A Prince show is always a big deal; his passion and showmanship is Springsteen-like. Even better, his need to constantly perform is Dylan-like, so you sometimes get to see him in way too small venues. Which is how we found ourselves at the 1700 capacity City National Grove of Anaheim -- a small, bizarre venue located, essentially, in the Angels' parking lot -- just feet away from him.
He performed two shows last night, and we saw this first; he's wrapping up his Live It Loud West Coast tour, and he's performing with a trio of vaguely-hippie white ladies called 3rdEyeGirl (they're righteous).
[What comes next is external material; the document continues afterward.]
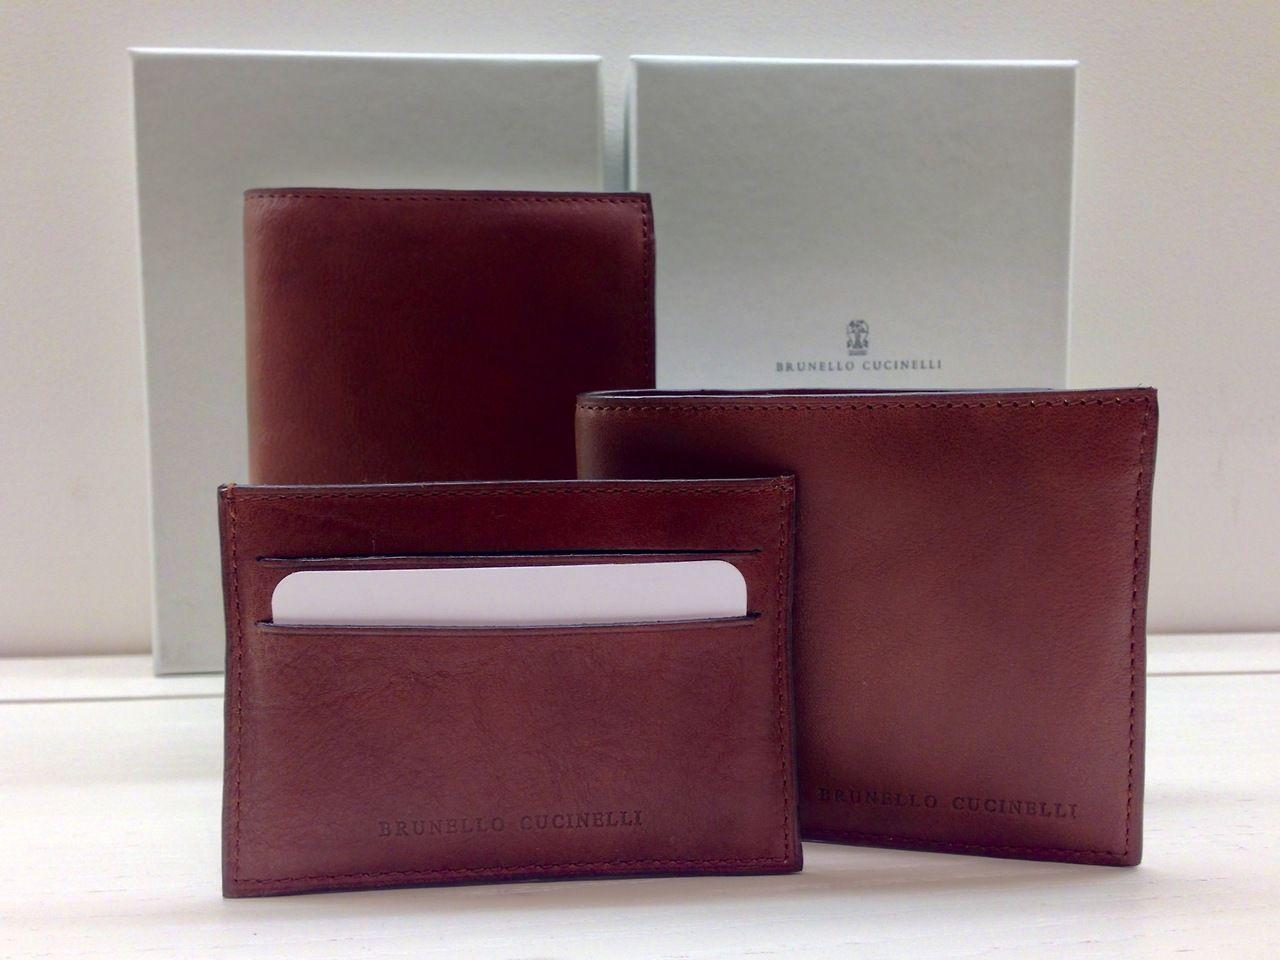 Small Leather Goods - Wallets Brunello Cucinelli PqByjZFO

Tickets for the show, Prince's first in the L.A. area since his 2011 extended run at the Forum, were a cool $200. It was mainly older folks, and lots of women, and they lined up early in the afternoon for the GA show. The first 50 or so got special wristbands that allowed them to stand directly in front of the stage, a privilege we were granted as well.
So we got a long, long, look at Prince. He's in great shape; we could see his form quite well beneath his black stretch pants. Perfect butt. We'd show you a picture but security was extremely extremely vigilant about the no-photos policy; seriously, if you even checked Twitter you were threatened with expulsion by giant men.
Prince came on at 8:30pm, wearing, in addition to the black pants, a leather duster, plenty of silver eye shadow and kohl black liner, and his hair combed out, glistening in the lights. In both sound and style, the show was Paisley Park on acid, with psychedelic imagery flashing on the massive LED panel.
Credit: Katie Bain
The band rocked: Danish bassist Ida Nielson, Kentucky-born drummer Hannah Ford and Canadian guitarist Donna Grantis were dressed in leather and fringes, and Grantis in particular -- with her head partly shaved -- did a lot of the heavy lifting on the guitar solos. Prince has long surrounded himself with strong and highly stylized female musicians (Sheila E., Apollonia, Wendy & Lisa) and seems to have good chemistry with this current crew.
But, really, it's all about Prince, and the ease with which he starts a party. He's smiling at you and getting the crowd to sing along and moving like a ballet dancer, all the while performing a version of "Let's Go Crazy" that's quite different from the original. And he's got wind in his hair and rays of light projecting from behind him, and you want to be with him and be him simultaneously. His flawless guitar solos weren't showing off, but instead nearly always at the mercy of the groove.